Items from a data source:
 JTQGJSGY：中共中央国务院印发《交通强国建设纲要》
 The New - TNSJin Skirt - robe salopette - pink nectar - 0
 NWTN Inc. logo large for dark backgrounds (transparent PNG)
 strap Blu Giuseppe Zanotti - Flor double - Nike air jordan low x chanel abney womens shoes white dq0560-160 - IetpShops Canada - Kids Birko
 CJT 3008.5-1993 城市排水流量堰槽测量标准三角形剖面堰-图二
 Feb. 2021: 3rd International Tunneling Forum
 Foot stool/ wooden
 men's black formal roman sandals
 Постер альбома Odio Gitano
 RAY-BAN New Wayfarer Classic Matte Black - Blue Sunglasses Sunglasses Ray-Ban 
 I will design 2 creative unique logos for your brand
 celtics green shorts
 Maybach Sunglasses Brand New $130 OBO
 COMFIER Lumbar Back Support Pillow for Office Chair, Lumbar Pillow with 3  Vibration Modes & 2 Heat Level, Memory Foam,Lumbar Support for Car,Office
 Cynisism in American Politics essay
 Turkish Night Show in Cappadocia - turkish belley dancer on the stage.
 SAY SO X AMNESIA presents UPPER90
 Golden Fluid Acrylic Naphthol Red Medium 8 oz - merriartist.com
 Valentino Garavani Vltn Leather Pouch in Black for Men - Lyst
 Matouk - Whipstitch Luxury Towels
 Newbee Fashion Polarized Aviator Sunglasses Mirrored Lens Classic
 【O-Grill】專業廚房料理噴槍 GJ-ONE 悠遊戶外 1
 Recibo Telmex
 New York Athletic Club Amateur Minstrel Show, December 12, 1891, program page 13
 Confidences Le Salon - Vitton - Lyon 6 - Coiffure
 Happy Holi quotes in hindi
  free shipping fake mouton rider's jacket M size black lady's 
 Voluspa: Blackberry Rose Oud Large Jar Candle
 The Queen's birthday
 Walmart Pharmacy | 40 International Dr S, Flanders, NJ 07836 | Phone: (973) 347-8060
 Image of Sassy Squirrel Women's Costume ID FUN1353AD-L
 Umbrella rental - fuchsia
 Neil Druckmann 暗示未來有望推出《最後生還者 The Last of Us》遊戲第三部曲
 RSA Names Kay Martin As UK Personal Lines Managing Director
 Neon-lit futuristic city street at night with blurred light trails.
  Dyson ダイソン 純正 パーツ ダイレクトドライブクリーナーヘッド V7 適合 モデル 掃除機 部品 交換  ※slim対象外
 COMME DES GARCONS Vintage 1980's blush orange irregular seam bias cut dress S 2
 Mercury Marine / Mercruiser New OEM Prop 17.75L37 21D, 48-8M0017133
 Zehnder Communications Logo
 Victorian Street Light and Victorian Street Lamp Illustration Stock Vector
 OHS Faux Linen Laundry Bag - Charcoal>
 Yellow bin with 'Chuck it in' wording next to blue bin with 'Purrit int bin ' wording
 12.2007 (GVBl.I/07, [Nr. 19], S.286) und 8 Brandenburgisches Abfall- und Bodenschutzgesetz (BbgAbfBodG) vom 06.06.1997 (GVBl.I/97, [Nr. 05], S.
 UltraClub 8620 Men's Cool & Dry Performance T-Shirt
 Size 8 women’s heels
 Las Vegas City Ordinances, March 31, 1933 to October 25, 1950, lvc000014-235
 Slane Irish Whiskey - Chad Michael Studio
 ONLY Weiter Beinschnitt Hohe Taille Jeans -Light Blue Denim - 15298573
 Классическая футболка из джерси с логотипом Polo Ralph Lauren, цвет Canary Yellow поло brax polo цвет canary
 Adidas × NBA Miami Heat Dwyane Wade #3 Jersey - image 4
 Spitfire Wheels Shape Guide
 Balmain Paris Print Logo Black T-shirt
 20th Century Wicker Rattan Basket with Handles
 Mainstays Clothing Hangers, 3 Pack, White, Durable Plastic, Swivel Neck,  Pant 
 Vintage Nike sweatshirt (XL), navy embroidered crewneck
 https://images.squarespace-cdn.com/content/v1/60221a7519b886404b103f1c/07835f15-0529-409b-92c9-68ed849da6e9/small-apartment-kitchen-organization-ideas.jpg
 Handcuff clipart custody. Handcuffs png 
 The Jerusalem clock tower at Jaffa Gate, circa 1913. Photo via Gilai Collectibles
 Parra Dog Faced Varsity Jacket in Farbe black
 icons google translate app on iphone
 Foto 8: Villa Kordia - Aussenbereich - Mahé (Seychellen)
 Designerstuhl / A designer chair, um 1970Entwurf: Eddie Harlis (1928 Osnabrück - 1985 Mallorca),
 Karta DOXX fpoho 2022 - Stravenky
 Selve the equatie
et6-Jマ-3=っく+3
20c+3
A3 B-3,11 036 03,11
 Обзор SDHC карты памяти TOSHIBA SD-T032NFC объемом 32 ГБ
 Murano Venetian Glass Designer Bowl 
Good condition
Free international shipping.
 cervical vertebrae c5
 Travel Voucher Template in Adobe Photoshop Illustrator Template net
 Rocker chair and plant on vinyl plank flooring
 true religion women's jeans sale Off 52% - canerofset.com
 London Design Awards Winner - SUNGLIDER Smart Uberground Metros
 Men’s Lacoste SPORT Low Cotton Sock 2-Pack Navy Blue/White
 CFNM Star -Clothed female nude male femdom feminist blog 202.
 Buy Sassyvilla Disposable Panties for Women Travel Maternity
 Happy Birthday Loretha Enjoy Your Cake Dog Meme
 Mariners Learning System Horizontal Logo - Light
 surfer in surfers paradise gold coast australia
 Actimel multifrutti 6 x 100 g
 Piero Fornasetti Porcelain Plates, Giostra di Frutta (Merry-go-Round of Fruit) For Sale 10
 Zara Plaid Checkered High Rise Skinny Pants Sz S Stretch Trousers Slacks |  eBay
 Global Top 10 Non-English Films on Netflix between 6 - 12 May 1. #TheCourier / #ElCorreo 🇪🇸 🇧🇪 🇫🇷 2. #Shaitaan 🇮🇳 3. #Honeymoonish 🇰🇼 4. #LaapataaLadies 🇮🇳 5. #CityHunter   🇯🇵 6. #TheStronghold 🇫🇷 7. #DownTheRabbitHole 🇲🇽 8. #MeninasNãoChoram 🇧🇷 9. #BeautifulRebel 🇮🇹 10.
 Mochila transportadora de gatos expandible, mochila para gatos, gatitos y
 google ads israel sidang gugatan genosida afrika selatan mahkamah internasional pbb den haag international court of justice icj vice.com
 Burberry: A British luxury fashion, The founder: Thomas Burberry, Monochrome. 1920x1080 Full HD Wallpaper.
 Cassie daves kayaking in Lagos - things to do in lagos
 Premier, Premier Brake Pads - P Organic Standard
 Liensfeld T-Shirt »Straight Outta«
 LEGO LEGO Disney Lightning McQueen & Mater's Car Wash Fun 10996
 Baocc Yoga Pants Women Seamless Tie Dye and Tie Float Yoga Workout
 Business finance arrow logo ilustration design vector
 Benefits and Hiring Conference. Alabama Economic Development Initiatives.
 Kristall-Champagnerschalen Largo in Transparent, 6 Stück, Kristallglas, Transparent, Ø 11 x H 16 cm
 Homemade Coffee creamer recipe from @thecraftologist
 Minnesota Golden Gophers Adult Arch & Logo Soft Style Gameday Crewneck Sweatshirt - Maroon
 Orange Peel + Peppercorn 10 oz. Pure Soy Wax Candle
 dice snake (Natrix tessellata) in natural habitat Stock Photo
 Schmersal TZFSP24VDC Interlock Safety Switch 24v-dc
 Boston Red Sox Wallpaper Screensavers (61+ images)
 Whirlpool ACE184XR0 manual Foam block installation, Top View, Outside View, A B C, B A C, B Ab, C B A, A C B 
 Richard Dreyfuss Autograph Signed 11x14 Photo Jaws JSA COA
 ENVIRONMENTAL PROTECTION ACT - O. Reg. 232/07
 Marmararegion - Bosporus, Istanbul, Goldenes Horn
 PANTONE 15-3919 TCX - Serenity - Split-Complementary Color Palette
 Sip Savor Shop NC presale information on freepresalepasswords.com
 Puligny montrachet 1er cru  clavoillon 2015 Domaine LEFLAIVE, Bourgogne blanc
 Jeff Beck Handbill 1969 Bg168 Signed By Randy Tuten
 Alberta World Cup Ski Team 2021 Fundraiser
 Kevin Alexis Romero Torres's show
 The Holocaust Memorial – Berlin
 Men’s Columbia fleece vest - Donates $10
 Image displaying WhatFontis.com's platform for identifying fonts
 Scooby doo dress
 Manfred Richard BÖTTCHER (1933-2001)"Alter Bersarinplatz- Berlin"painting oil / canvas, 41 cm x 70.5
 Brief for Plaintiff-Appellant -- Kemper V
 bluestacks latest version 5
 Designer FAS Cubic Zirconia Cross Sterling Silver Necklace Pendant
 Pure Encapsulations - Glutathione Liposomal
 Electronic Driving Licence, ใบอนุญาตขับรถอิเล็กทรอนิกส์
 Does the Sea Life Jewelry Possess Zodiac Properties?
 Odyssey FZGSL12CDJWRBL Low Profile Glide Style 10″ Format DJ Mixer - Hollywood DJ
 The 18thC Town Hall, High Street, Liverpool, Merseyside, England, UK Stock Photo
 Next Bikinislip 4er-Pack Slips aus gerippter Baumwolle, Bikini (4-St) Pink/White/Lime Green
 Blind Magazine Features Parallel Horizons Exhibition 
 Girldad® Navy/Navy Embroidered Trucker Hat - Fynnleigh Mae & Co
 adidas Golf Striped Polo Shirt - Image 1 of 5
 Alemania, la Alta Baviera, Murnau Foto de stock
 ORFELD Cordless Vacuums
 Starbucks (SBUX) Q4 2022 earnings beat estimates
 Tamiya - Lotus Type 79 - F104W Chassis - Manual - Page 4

• Description of the task
Beginning at the top of the entries above, output each line exactly, and end with the line in which "Dyson ダイソン 純正" appears.

• Solution for this exercise
 JTQGJSGY：中共中央国务院印发《交通强国建设纲要》
 The New - TNSJin Skirt - robe salopette - pink nectar - 0
 NWTN Inc. logo large for dark backgrounds (transparent PNG)
 strap Blu Giuseppe Zanotti - Flor double - Nike air jordan low x chanel abney womens shoes white dq0560-160 - IetpShops Canada - Kids Birko
 CJT 3008.5-1993 城市排水流量堰槽测量标准三角形剖面堰-图二
 Feb. 2021: 3rd International Tunneling Forum
 Foot stool/ wooden
 men's black formal roman sandals
 Постер альбома Odio Gitano
 RAY-BAN New Wayfarer Classic Matte Black - Blue Sunglasses Sunglasses Ray-Ban 
 I will design 2 creative unique logos for your brand
 celtics green shorts
 Maybach Sunglasses Brand New $130 OBO
 COMFIER Lumbar Back Support Pillow for Office Chair, Lumbar Pillow with 3  Vibration Modes & 2 Heat Level, Memory Foam,Lumbar Support for Car,Office
 Cynisism in American Politics essay
 Turkish Night Show in Cappadocia - turkish belley dancer on the stage.
 SAY SO X AMNESIA presents UPPER90
 Golden Fluid Acrylic Naphthol Red Medium 8 oz - merriartist.com
 Valentino Garavani Vltn Leather Pouch in Black for Men - Lyst
 Matouk - Whipstitch Luxury Towels
 Newbee Fashion Polarized Aviator Sunglasses Mirrored Lens Classic
 【O-Grill】專業廚房料理噴槍 GJ-ONE 悠遊戶外 1
 Recibo Telmex
 New York Athletic Club Amateur Minstrel Show, December 12, 1891, program page 13
 Confidences Le Salon - Vitton - Lyon 6 - Coiffure
 Happy Holi quotes in hindi
  free shipping fake mouton rider's jacket M size black lady's 
 Voluspa: Blackberry Rose Oud Large Jar Candle
 The Queen's birthday
 Walmart Pharmacy | 40 International Dr S, Flanders, NJ 07836 | Phone: (973) 347-8060
 Image of Sassy Squirrel Women's Costume ID FUN1353AD-L
 Umbrella rental - fuchsia
 Neil Druckmann 暗示未來有望推出《最後生還者 The Last of Us》遊戲第三部曲
 RSA Names Kay Martin As UK Personal Lines Managing Director
 Neon-lit futuristic city street at night with blurred light trails.
  Dyson ダイソン 純正 パーツ ダイレクトドライブクリーナーヘッド V7 適合 モデル 掃除機 部品 交換  ※slim対象外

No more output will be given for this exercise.